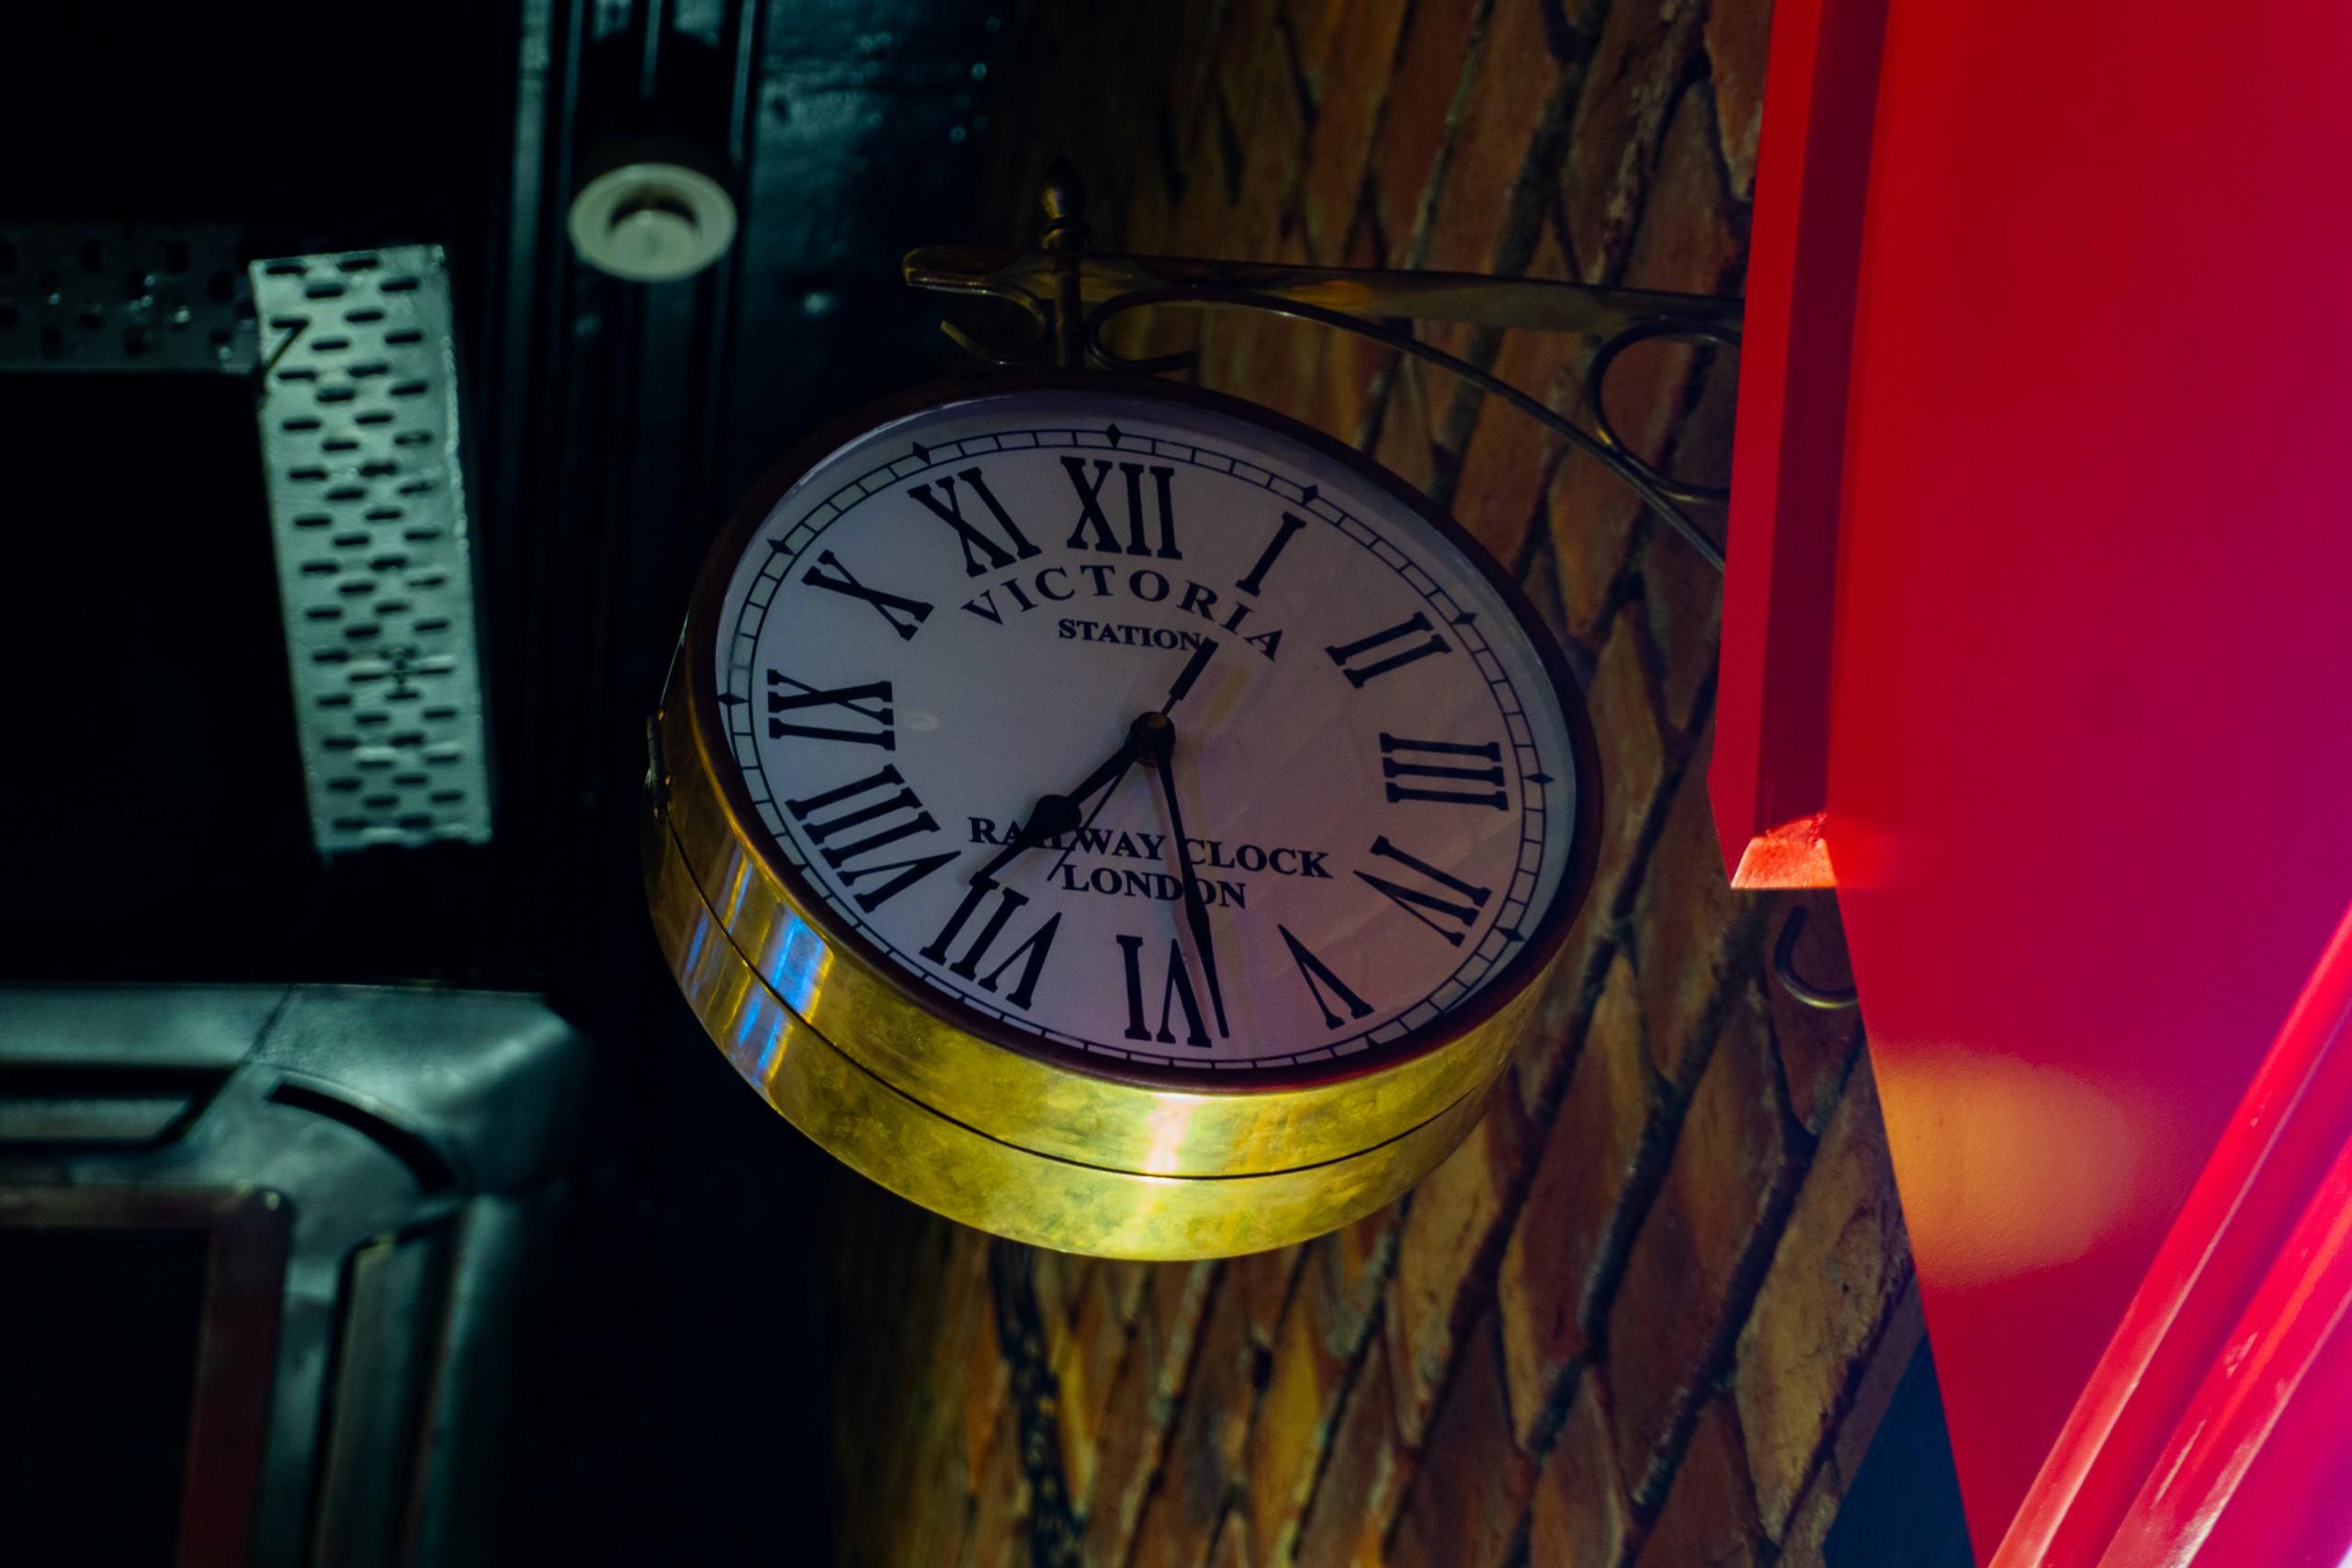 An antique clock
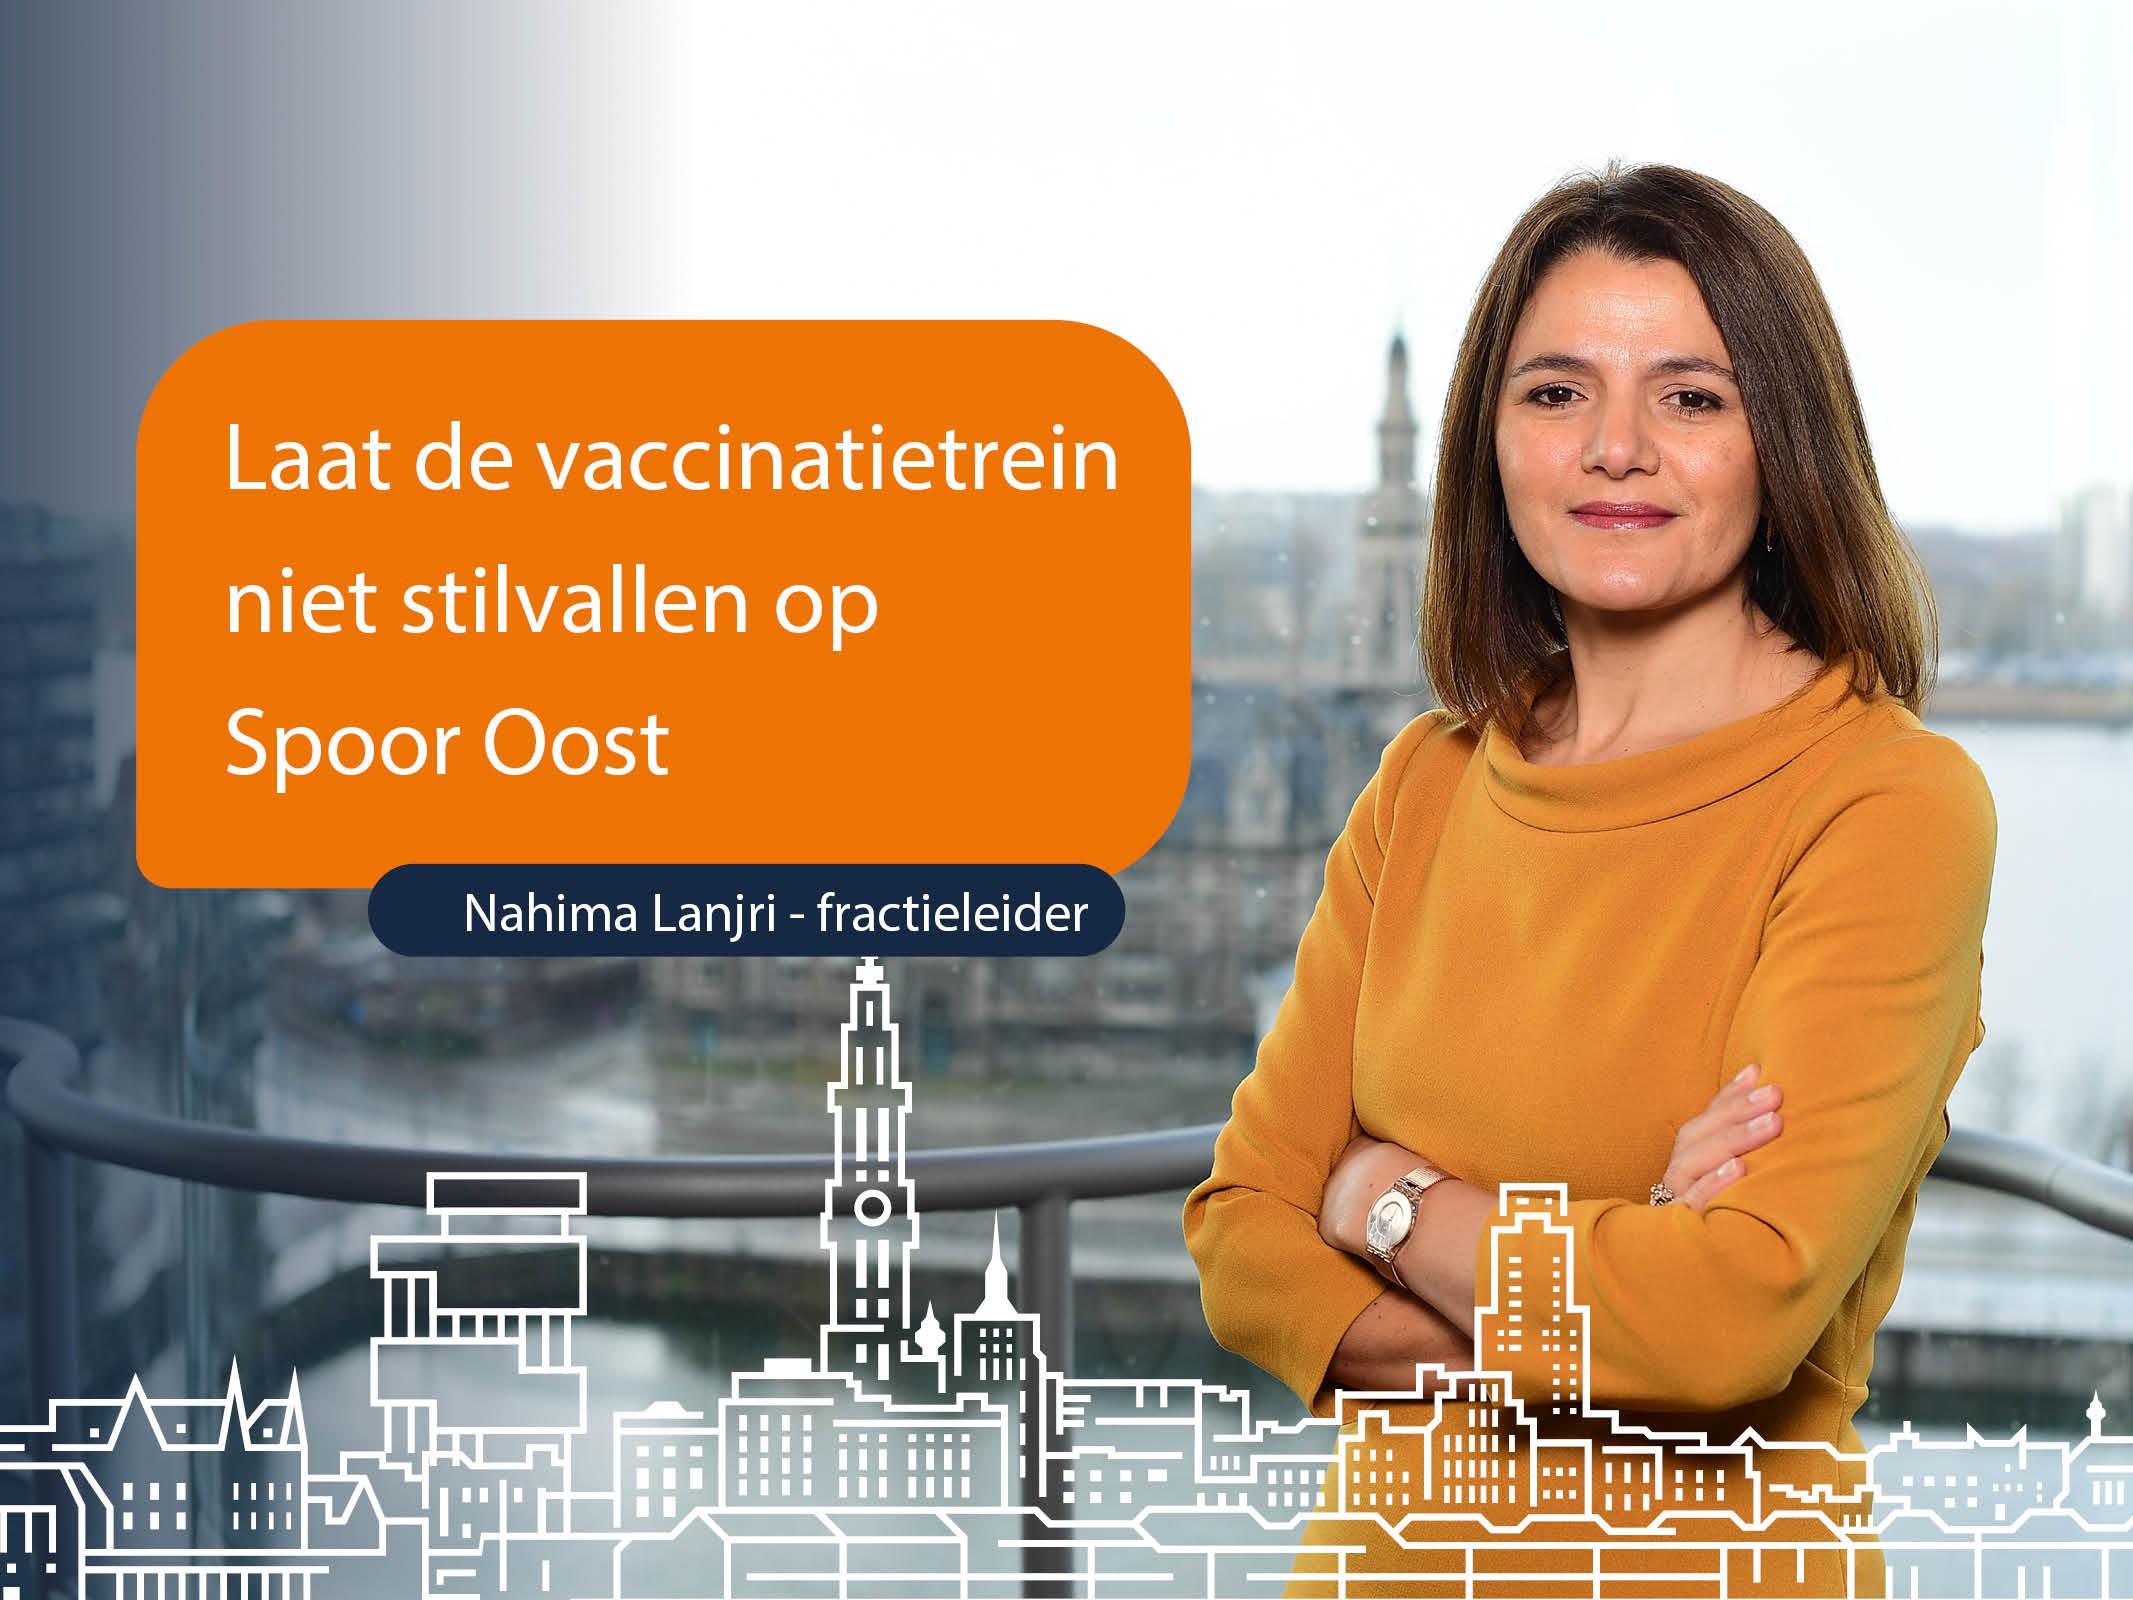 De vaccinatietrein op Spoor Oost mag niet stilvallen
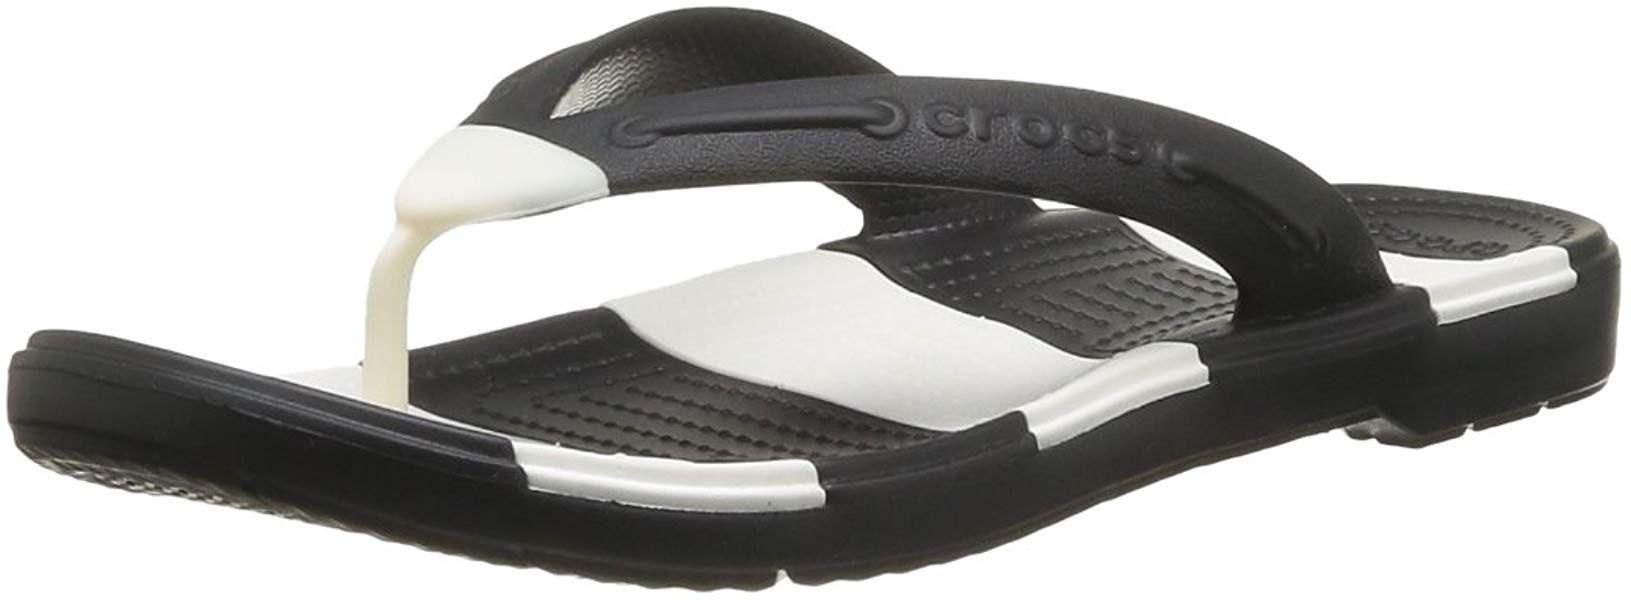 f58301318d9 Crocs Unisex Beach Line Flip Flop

□ □ □ □ □ □ □

Task objective: Reproduce every line above word for word; no images.

Response to this task:
 An antique clock
 De vaccinatietrein op Spoor Oost mag niet stilvallen
 f58301318d9 Crocs Unisex Beach Line Flip Flop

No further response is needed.